Funfact nya adalah, salah satu alasan filsafat itu lahir dan tumbuh pesat di Yunani karena aksaranya yang pecah dalam mewakili suara (pada tradisi lisan) sehingga memicu lahirnya pemikiran analitis (melalui penyusuanan kata, kalimat, pendefenisian konsep-konsep abstrak, dll) dan kemudian berujung pada perkembangan literasi dan ilmu pengetahuan.

Dan selanjutnya era post literasi (pasca literasi) ditandai dengan adanya internet, pada era ini terjadilah ketercampuran aspek dari tradisi lisan dan teks. Pada era ini terjadilah revolusi teks. Apa itu teks? Segala sesuatu yang bisa “dibaca” dan merepresentasikan suatu verbal content yang ditekstualisasi mealui suatu objek, baik material maupun virtual. 

Semua yang bisa dijadikan tempat tekstualisasi disebut teks: pelepah kurma, batu, tulang, daun, dll. Kemudian kenapa disebut revolusi teks? Karena adanya perubahan yang cukup mendasar (rovolusi) yang awalnya teks berada pada benda-benda yang dapat kita lihat secara nyata, namun sekarang berubah menjadi bentuk berbeda yaitu multimedia dan hiperteks.

a. revolusi teks-multimedia

Revolusi teks-multimedia ditandainya dengan adanya radio dan televisi (TV) yang menghadirkan kembali tradisi lisan secara parsial (kelisanan sekunder). Kenapa dinamakan kelisanan sekunder? Karena suara dihasilkan dari kesengajaan (alternatif selain teks) yang memang tidak utuh seperti di tradisi lisan. Sedangkan kelisanan pada masa pra-literasi dinamakan kelisanan primer karena bersifat natural karena ketiadaan alternatif (satu-satunya hidup hanya dengan lisan), sedangkan kita saat ini punya banyak opsi (teks atau lisan).

1. Radio

  • Teks hadir sebagai suara
  • Sifat-sifat suara, yang membedakannya dari teks visual, lahir kembali
  • Informasi yang tersampaikan hadir hanya dalam suara, tidak secara utuh seperti kelisanan primer
  • Informasi bersifat spontan, namun terpisah dari subjek seperti teks
  • Suara itu dipisahkan dari sumber aslinya (punya sifat kelisanan dan sifat tradisi literasi)

2. Televisi (TV)

  • TV menghadirkan lebih banyak aspek ketimbang radio, seperti visual pembicara
  • TV tetap tidak mengembalikan sepenuhnya kelisanan, karena informasi yang tersampaikan tetap berupa potongan, terbingkai dalam kerangka kecil yang terdsain (sifatnya bisa manipulatif karena settingan. Tidak seperti kelisanan primer yang spontan).

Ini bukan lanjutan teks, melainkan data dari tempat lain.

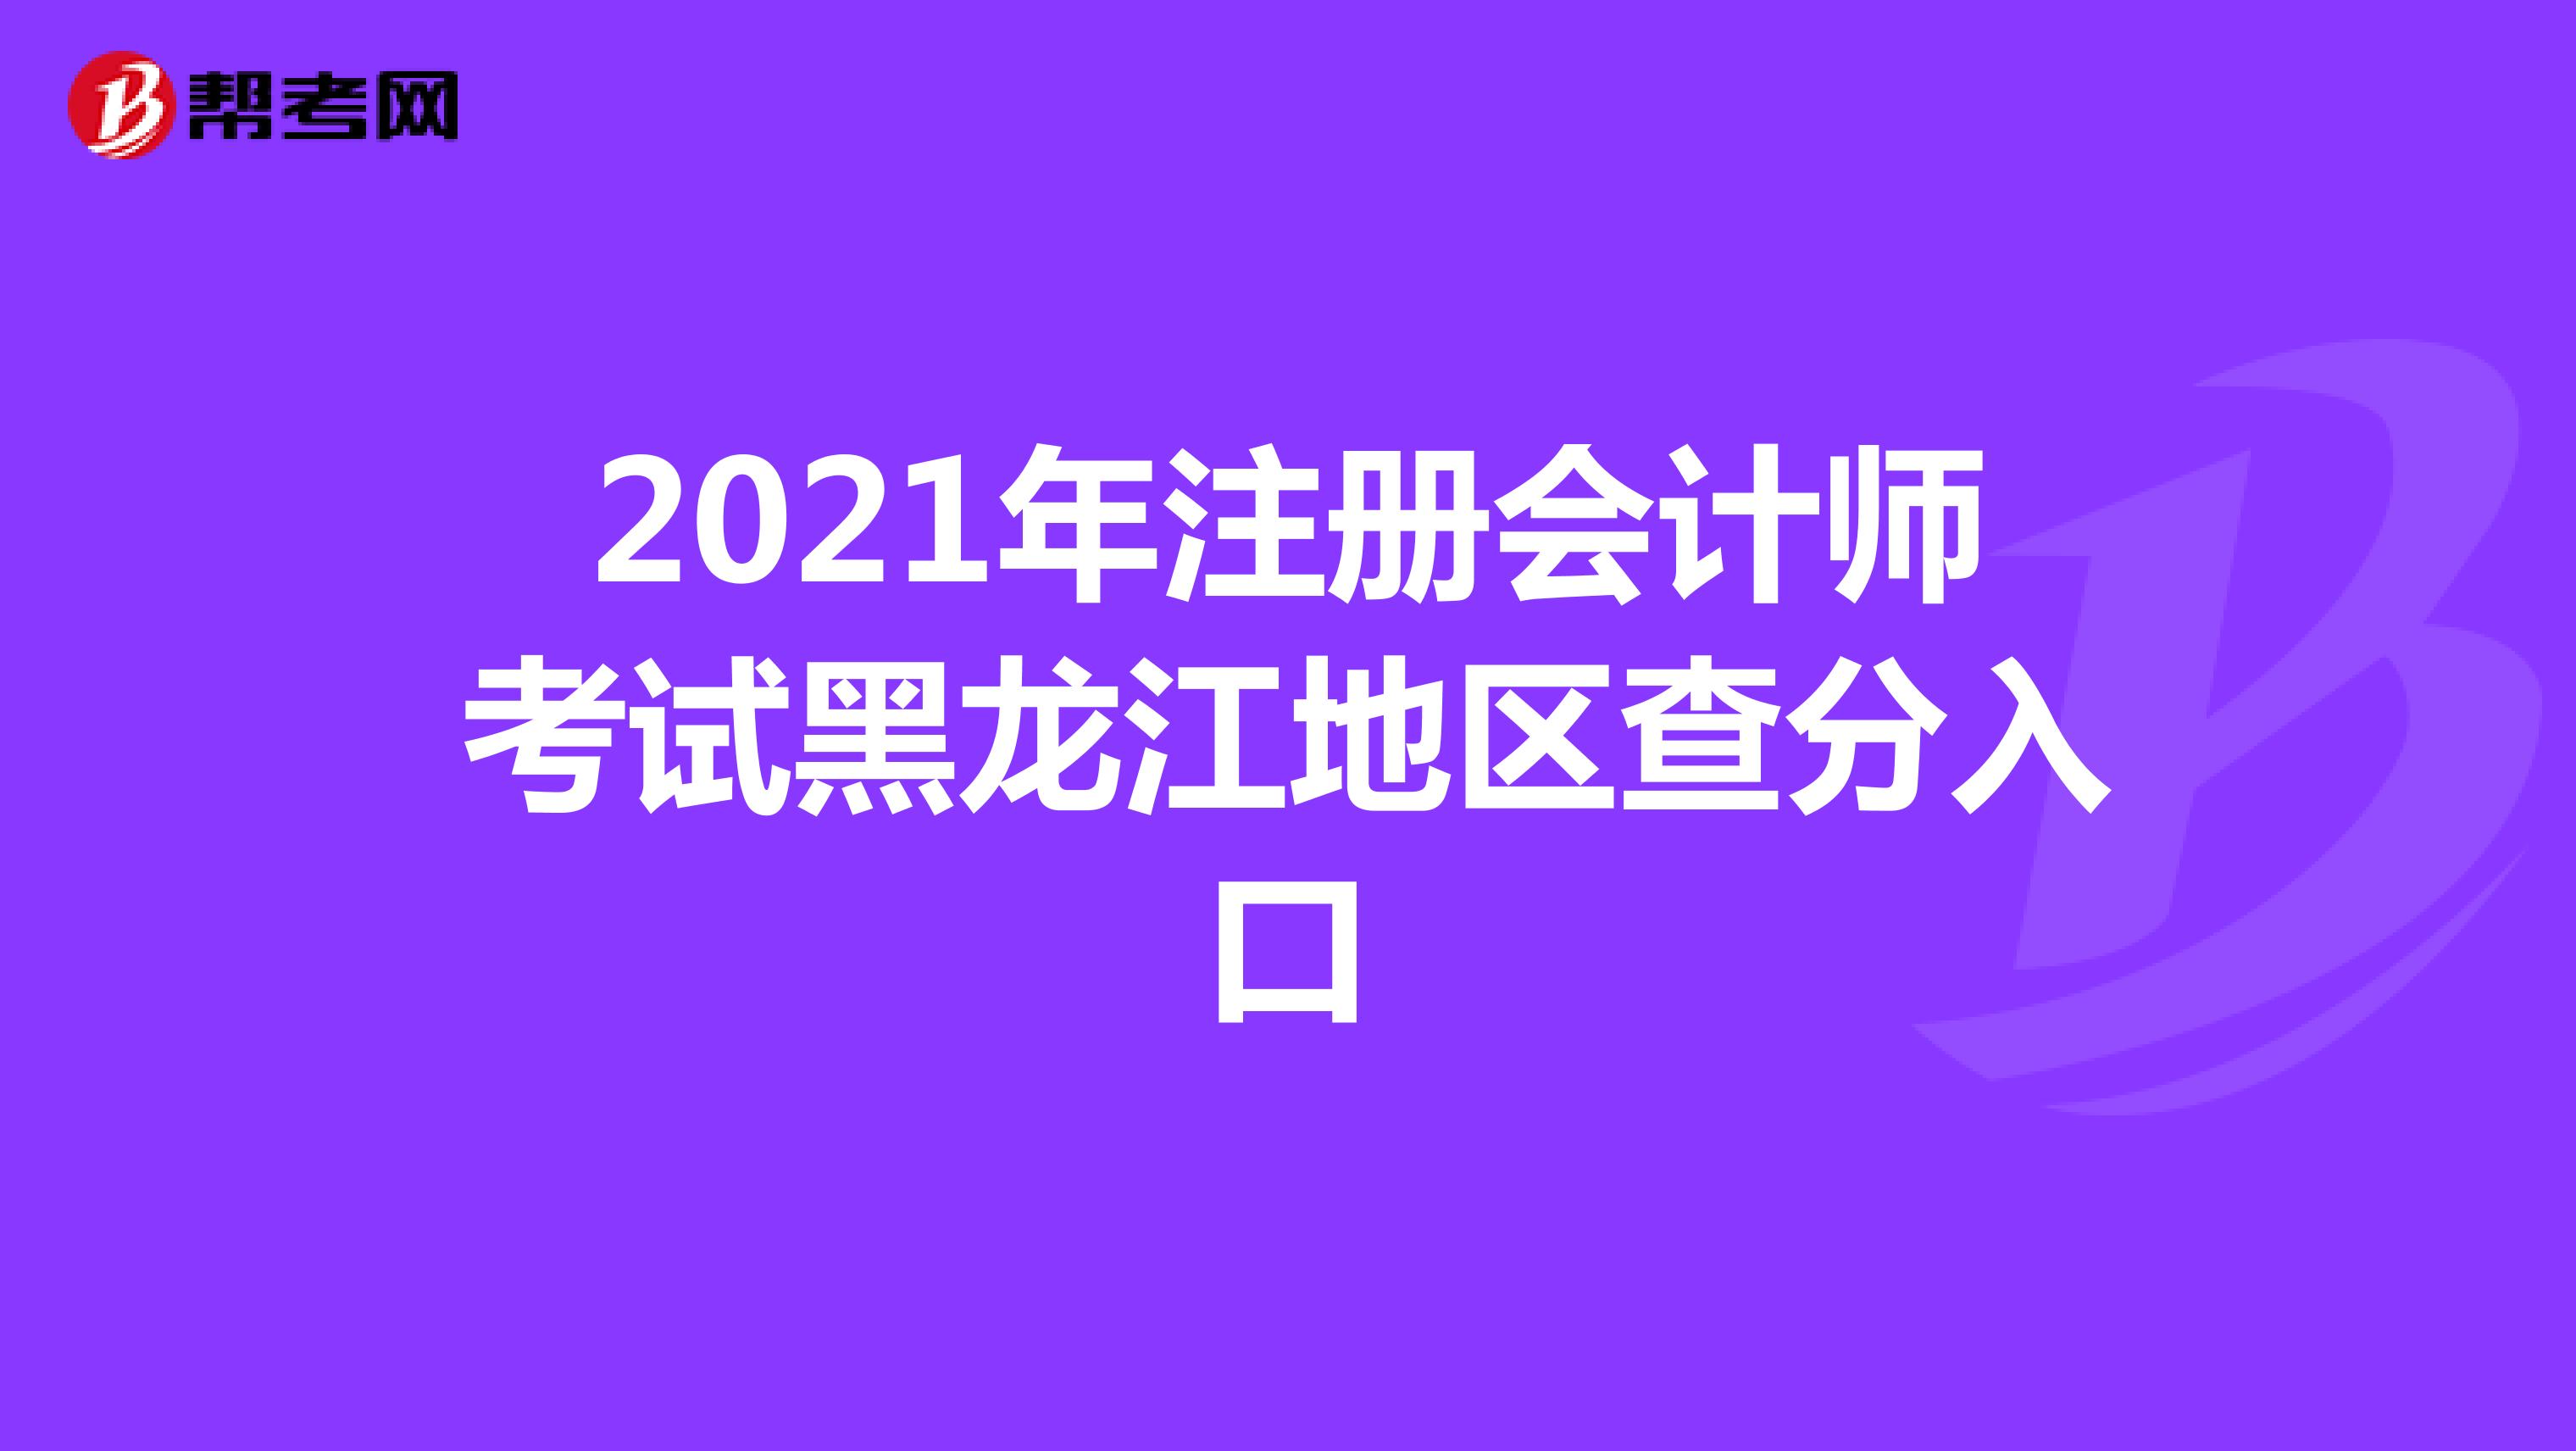 2021年注册会计师考试黑龙江地区查分入口
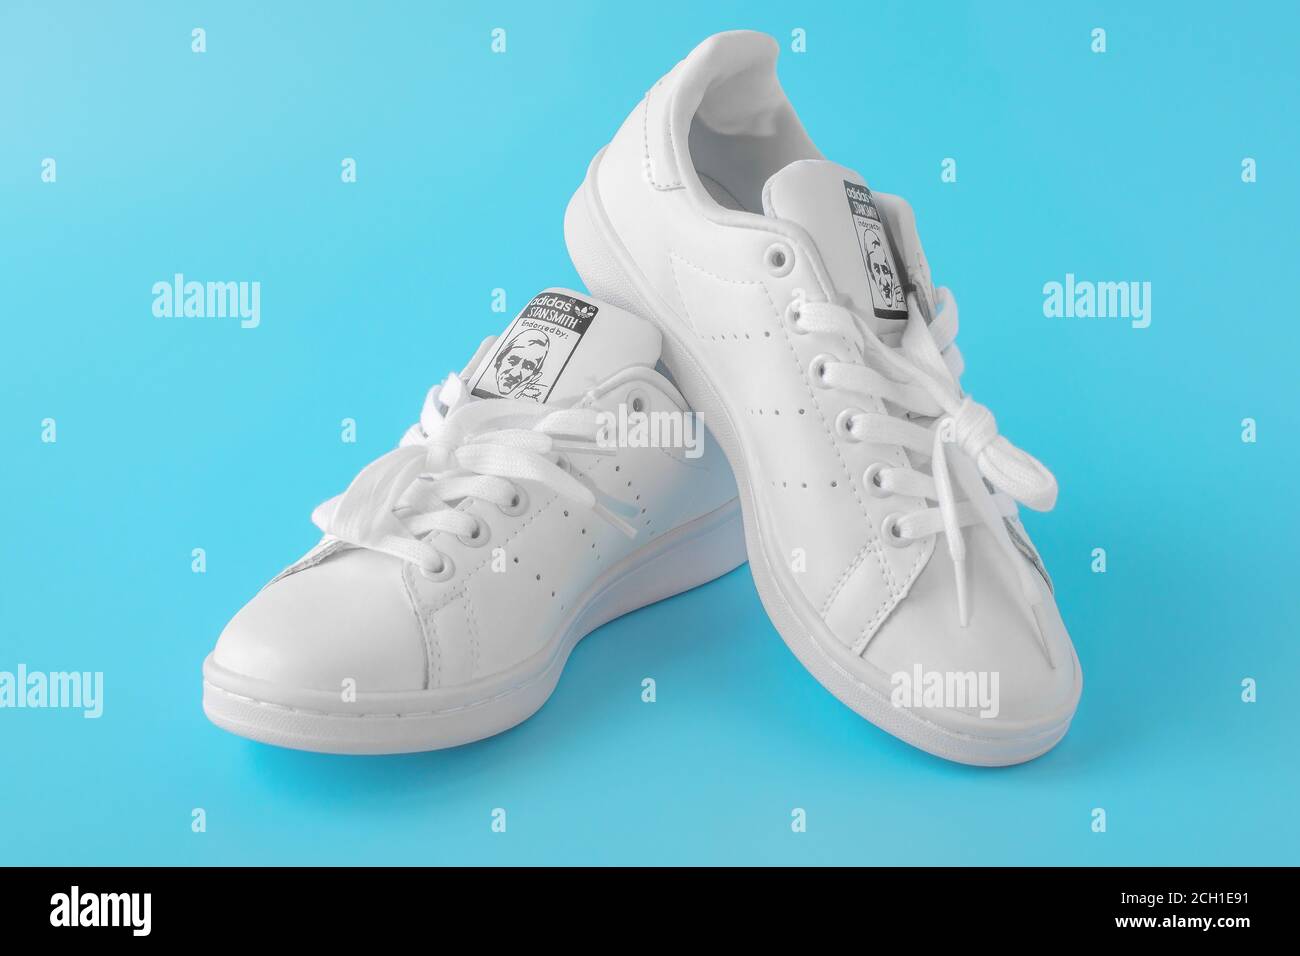 Moscou, Russie - 30 JUILLET 2020: Chaussures blanches Adidas Stan Smith,  photo de nouvelles baskets blanches sur fond bleu. Adidas est une société  internationale Photo Stock - Alamy

Aspek literasi (teks) pada TV dan Radio masih cenderung mendominasi ketimbang aspek kelisananannya. Penyiar di TV/radio hanyalah perantara, bukan pemilik sepenuhnya informasi, ia hanya mewakili institusi dengan tujuan tertentu. Banyak aspek yang tersaring dalam informasi yang tersampaikan via TV/radio. Khusus TV, apa yang dihadirkan tidak hanya sekedar “terlihat”, tapi “diperlihatkan”, sehingga informasi tidak hadir secara utuh apa adanya (seperti di tradisi lisan).

b. revolusi teks-hiperteks

TV dan Radio menginisiasi revolusi teks yang lebih besar yaitu hiperteks (teks yang melampaui teks). Revolusi teks-hiperteks ini ditandai dengan adanya internet yang merevolusi teks menjadi dapat menghadirkan beragam bentuk dan media melalui browser, serta internet memiliki fitur yang pada TV/radio tidak dimunculkan, yakni interaksi langsung.

1. Interconnectivity

  • Peleburan antara penulis dan pembaca, dalam satu nama yaitu warganet. Menunjukkan tidak adanya otoritas. Siapapun bisa menyebarkan tulisan ataupun ucapan sendiri dengan bebas. Berbeda denga media cetak yang diseleksi sebelum diterbitkan. Dengan tidak adanya otoritas, relasi sosial cenderung disruptif dan anarkis.
  • Tokoh-tokoh pada era sebelumnya malah yang cenderung mengendalikan relasi sosial (otoritas tokoh). Saat ini siapapun bisa. Tidak ada batasan waktu, siapapun bisa merespon siapapun kapanpun.
  • Sifat reaktif pada tradisi lisan teramplifikasi. seperti yang kita ketahui ciri-ciri tradisi kelisanan adalah reaktif, namun karena internet maka sekarang “ucapan” dikuatkan. Dulu satu orang berbicara di kelas, ya hanya orang  yang di kelas saja yang bisa menanggapi. Namun sekarang orang sedunia pun bisa menanggapi apapun yang kita sampaikan.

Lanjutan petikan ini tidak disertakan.